Pursuant to a registration statement on Form S-1, originally filed on April 6, 2016, as amended, and declared effective by the SEC on May 26, 2016, and related prospectus (as supplemented), the Company registered, offered and sold to its participating stockholders of record as of the announced May 20, 2016 record date, one non-transferable subscription right for each share of common stock held by each stockholder as of the record date. Each right entitled the holder thereof to purchase one unit at the subscription price of $2.55 per unit, composed of one share of common stock and 0.5 of a warrant, with each whole warrant exercisable to purchase one share of common stock at an exercise price of $3.06 per share for 30 months from the date of issuance.  Pursuant to the Rights Offering, which closed on June 15, 2016, the Company sold an aggregate of 6,704,852 units, resulting in total net proceeds to the Company of $15.3 million, respectively.  The warrants issued pursuant to the Rights Offering are currently listed on NASDAQ under the symbol “CTYXW.”  Based on the relevant authoritative accounting guidance, the warrants were equity classified at the issuance date. Upon notice to the warrant holders, the warrants may be redeemed by the Company at $0.01 per warrant prior to their expiration and exercise if the Company’s common stock closes above $7.65 per share for 10 consecutive trading days.

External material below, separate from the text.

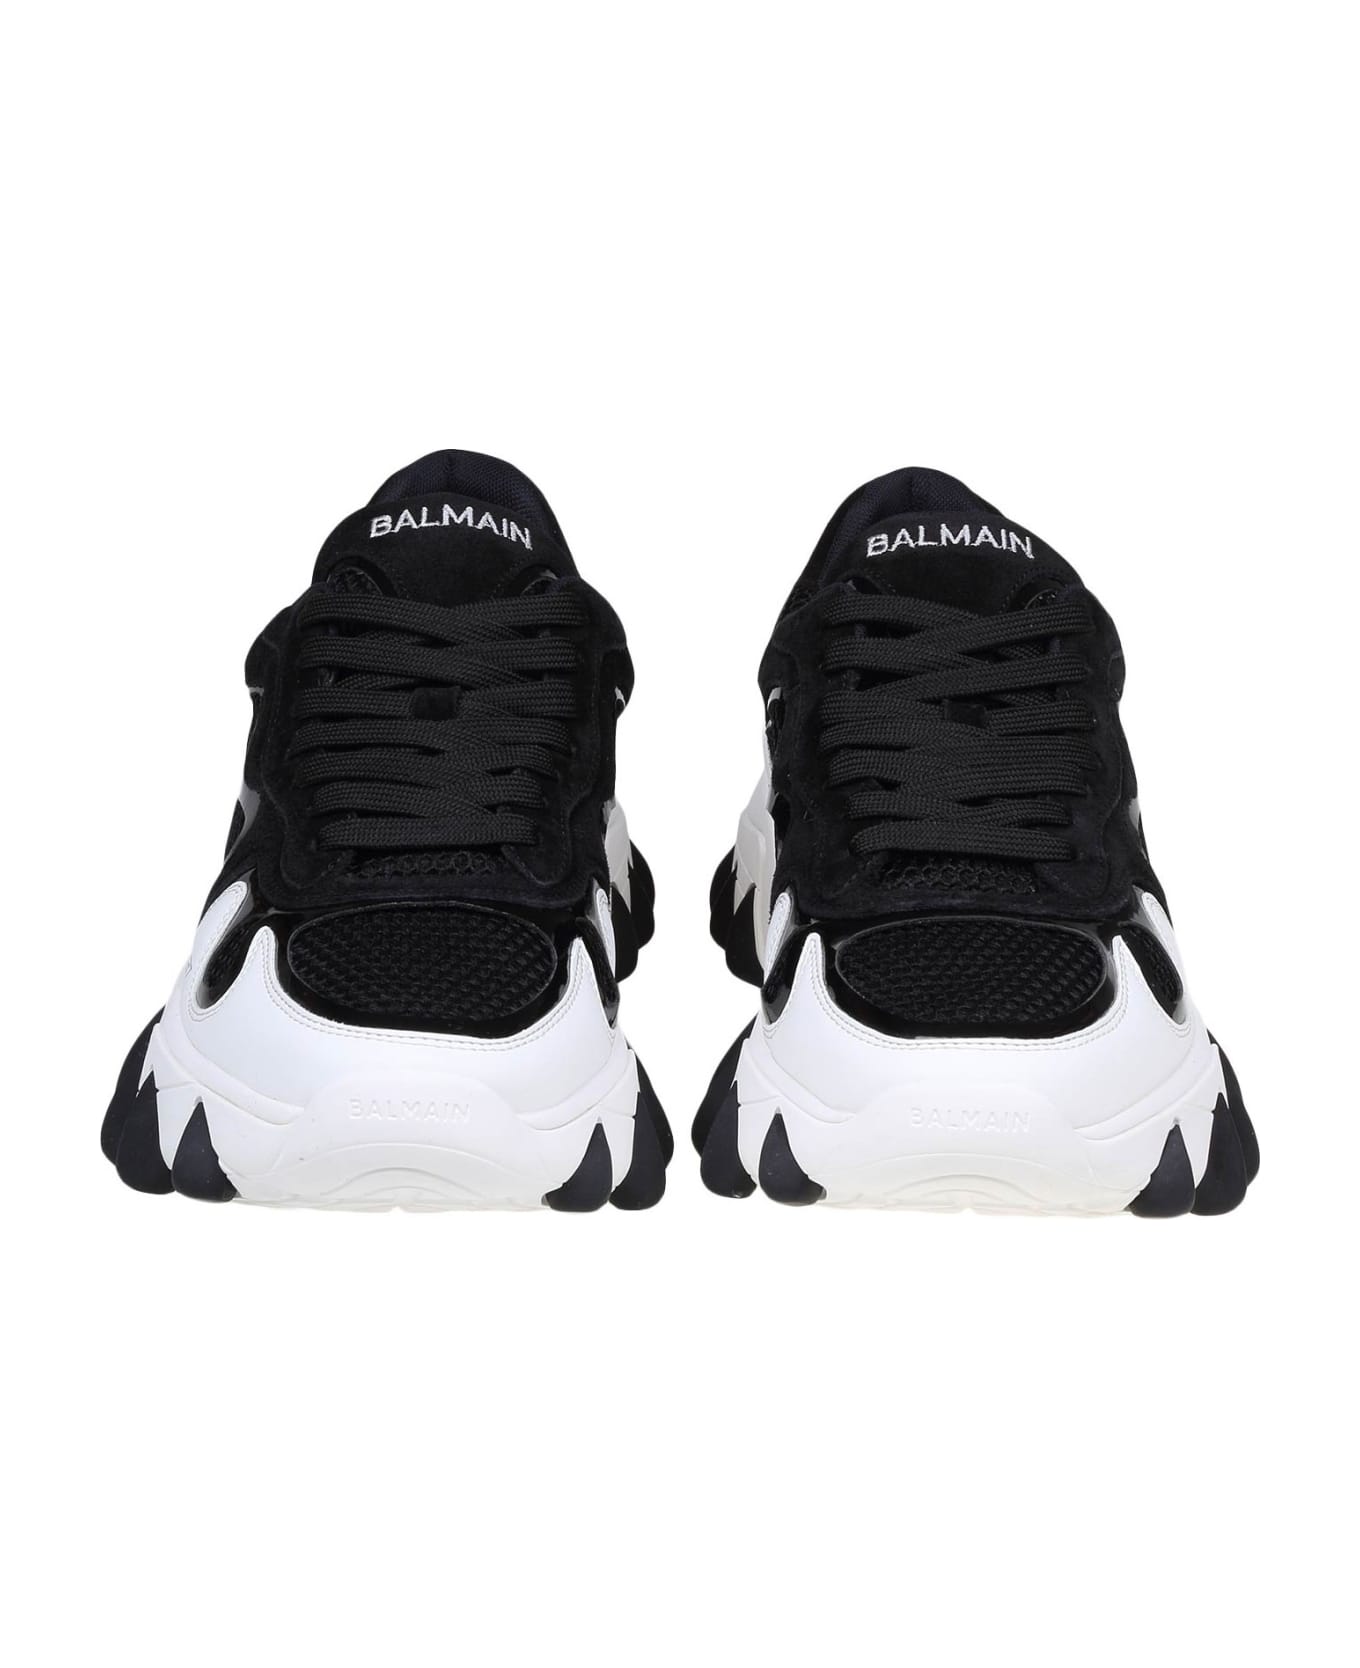 Balmain B-east Sneakers - Black /White

On December 22, 2016, we entered into the Lincoln Park Purchase Agreement pursuant to which we have the right to sell to Lincoln Park and Lincoln Park is obligated to purchase up to $20.0 million in amounts of shares, of our common stock, over the 30-month period commencing on the date that a registration statement, which we filed with the SEC in December 2016. We may direct Lincoln Park, at its sole discretion and subject to certain conditions, to purchase up to 100,000 shares of common stock on any business day but in no event will the amount of a single Regular Purchase (as defined in the Lincoln Park Purchase Agreement) exceed $1.0 million. The purchase price of shares of common stock related to the Regular Purchases will be based on the prevailing market prices of such shares at the time of sales. Our sales of shares of common stock to Lincoln Park under the Lincoln Park Purchase Agreement are limited to no more than the number of shares that would result in the beneficial ownership by Lincoln Park and its affiliates, at any single point in time, of more than 9.99% of the then outstanding shares of the common stock. There are no trading volume requirements or restrictions under the Lincoln Park Purchase Agreement. There is no upper limit on the price per share that Lincoln Park must pay for common stock under a Regular Purchase or an accelerated purchase and in no event will shares be sold to Lincoln Park on a day our closing price is less than the floor price of $0.50 per share as set forth in the Purchase Agreement. On December 22, 2016, we issued to Lincoln Park 127,419 shares of common stock with a market value on the date of issuance of approximately $0.2 million as commitment shares in consideration for entering into the Lincoln Park Purchase Agreement. We will issue up to an additional 382,258 shares of common stock on a pro rata basis to Lincoln Park only as and when shares are sold under the Lincoln Park Purchase Agreement to Lincoln Park. To date, we have sold no shares under the Lincoln Park Purchase Agreement with Lincoln Park.